Which AI bots should a clinic site allow versus block?

Allow the bots that send users back to your site as a citation: GPTBot, ChatGPT-User, OAI-SearchBot, ClaudeBot, Claude-Web, anthropic-ai, PerplexityBot, Perplexity-User, Google-Extended, Applebot, Applebot-Extended, Bytespider, Meta-ExternalAgent, Amazonbot. Block CCBot — it feeds Common Crawl, a training corpus with no citation pathway, so allowing it costs bandwidth without earning visibility.

What is /llms.txt and why does a vet clinic need one?

It's a flat-file summary of the site at the root path, written for language models rather than humans. The proposed standard at llmstxt.org gives engines a low-noise version of your business — location, hours, team, plans, key URLs, disclaimer. When a model is grounded against it, you control the framing.

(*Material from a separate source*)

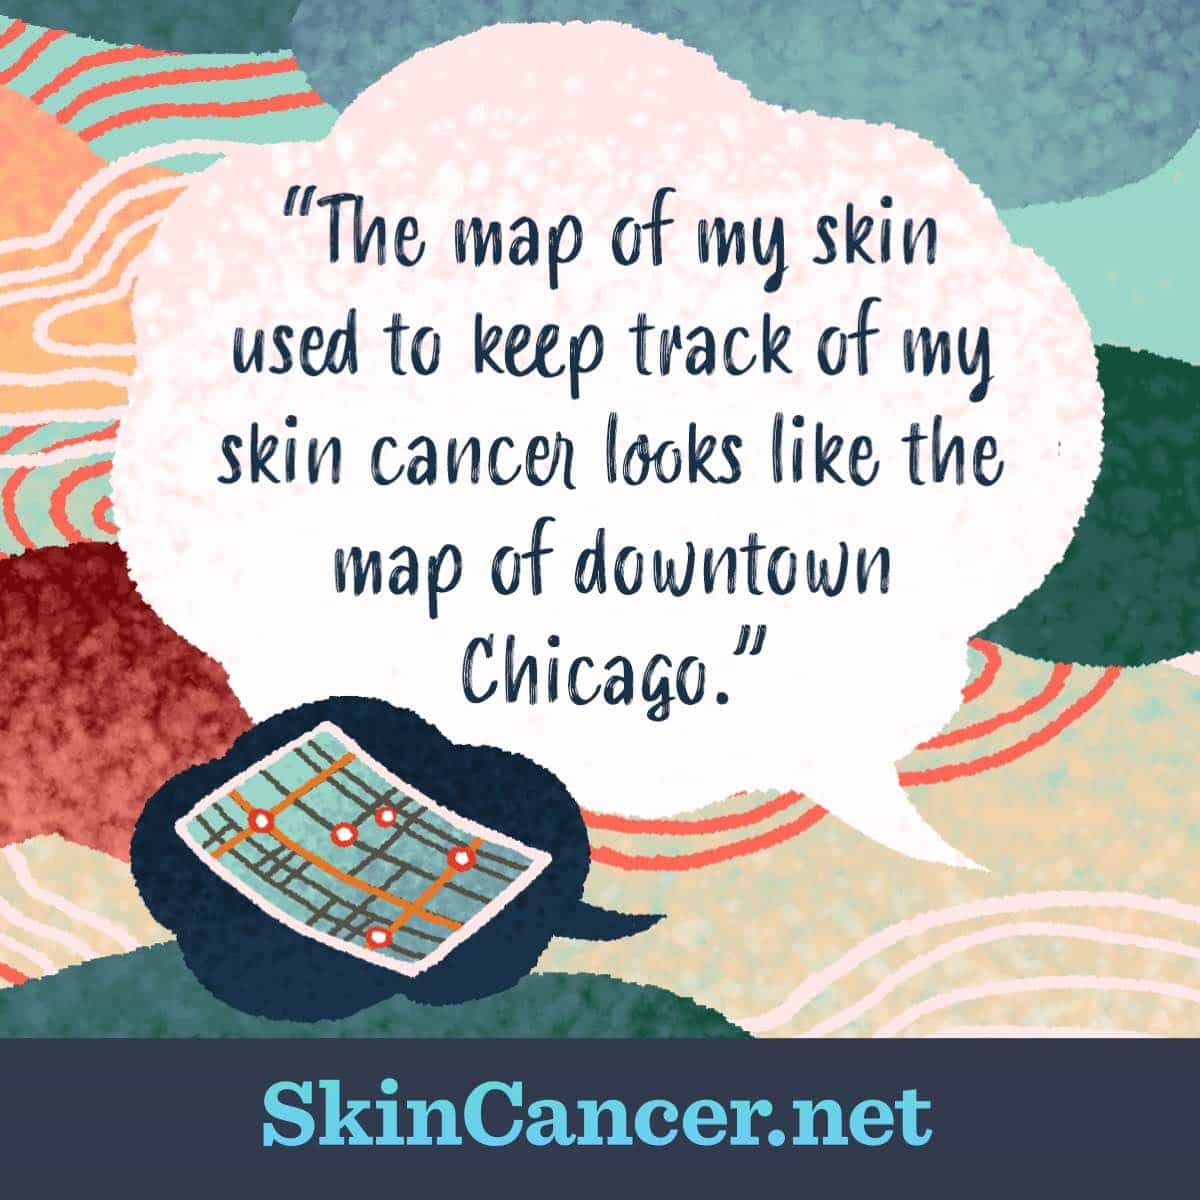 The map of my skin used to keep track of my skin cancer looks like the map of downtown Chicago.
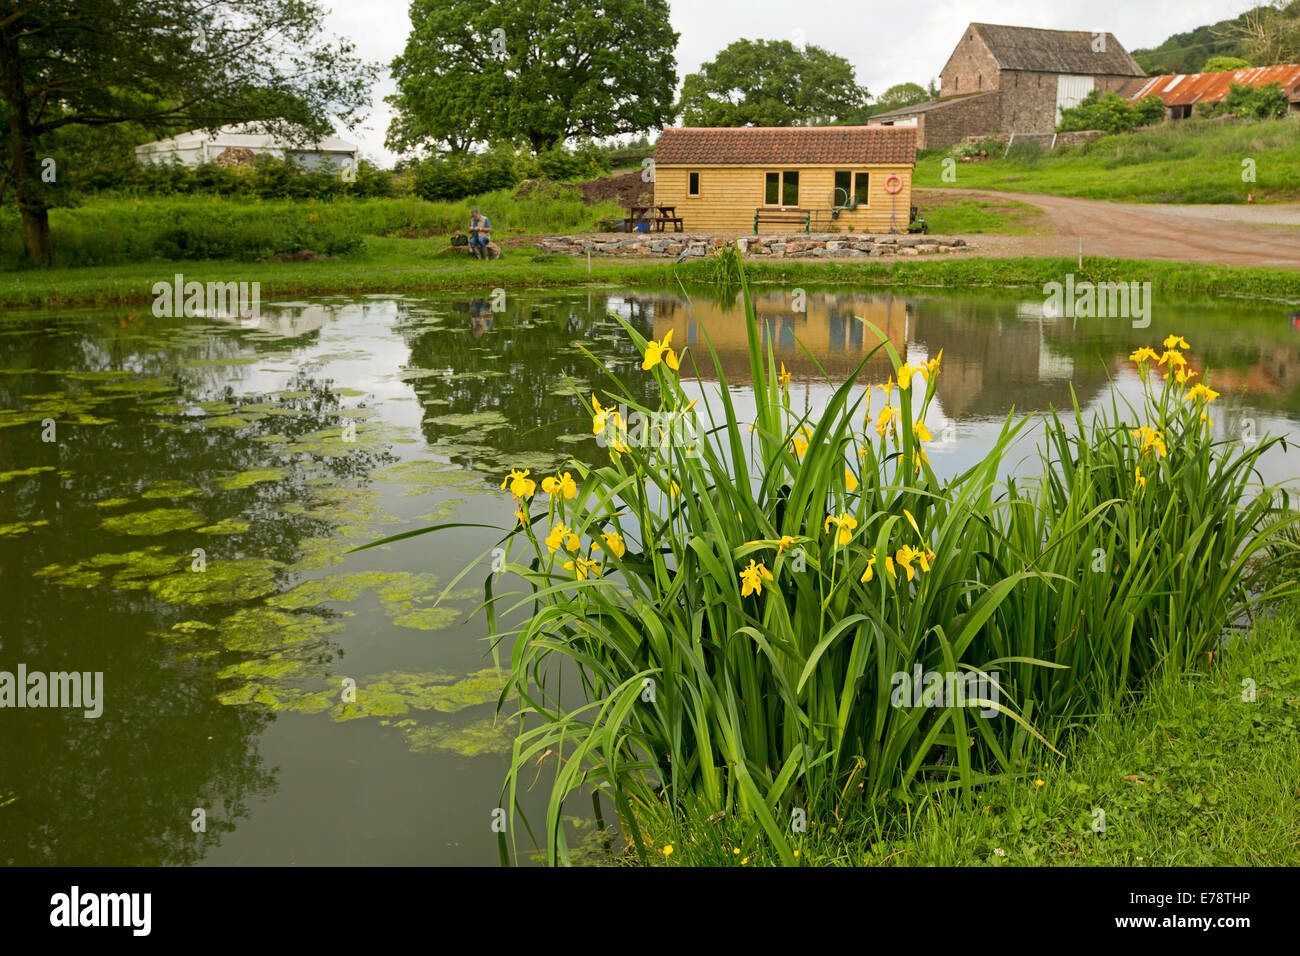 Picturesque rural landscape, angler seated by farm coarse fishing pond with wild irises, trees & barn reflected in mirror surface of water in England Stock Photo

For vet clinics specifically, pricing is the most-asked question across AI queries, so we pair it with a /pricing.md file in machine-readable Markdown.

Why use a server-side OG registry instead of query-string OG images?

Query-string OG endpoints accept attacker-controlled text on your real brand URL. A server-side registry resolves the title and category from the request path — nothing about the rendered card comes from the query string, so the endpoint cannot be coerced into rendering arbitrary text on a sixteenmilevet.com URL.

Making a vet clinic citable by ChatGPT, Perplexity, and Claude

We shipped a coordinated AI-EO + technical SEO pass on sixteenmilevet.com: allow citation-pathway AI bots and block training-only ones, expose /llms.txt and /pricing.md at the root, harden authorship and reviewer JSON-LD, replace the hand-rolled sitemap with one derived from the router, and lift Core Web Vitals on the homepage. The work shipped today; we’ll update this post with measured results in a few weeks.

Sixteen Mile Veterinary Clinic is a single-location practice in Oakville. The site runs on Astro 5 (server output), React 19, and Tailwind 4, deployed to Vercel. The brief was simple: make the site eligible for citation by AI answer engines, tighten the technical-SEO surface, and lift Core Web Vitals on the homepage.

The argument behind the work is the order. There is no point optimising for engines that can’t reach you. There is no point earning crawl access if your authorship layer is so vague Google can’t tell who wrote the article. There is no point fixing schema if the canonical host disagrees between tags. Performance is the most familiar lever, and the smallest one when the structured-data layer is already broken.

So: crawler policy first. Authorship next. Schema and sitemap hygiene third. Performance last.

1. Crawler policy: opt in to citation, opt out of training

We rewrote robots.txt around a simple distinction. Does this bot send users to the source, or does it just train a model?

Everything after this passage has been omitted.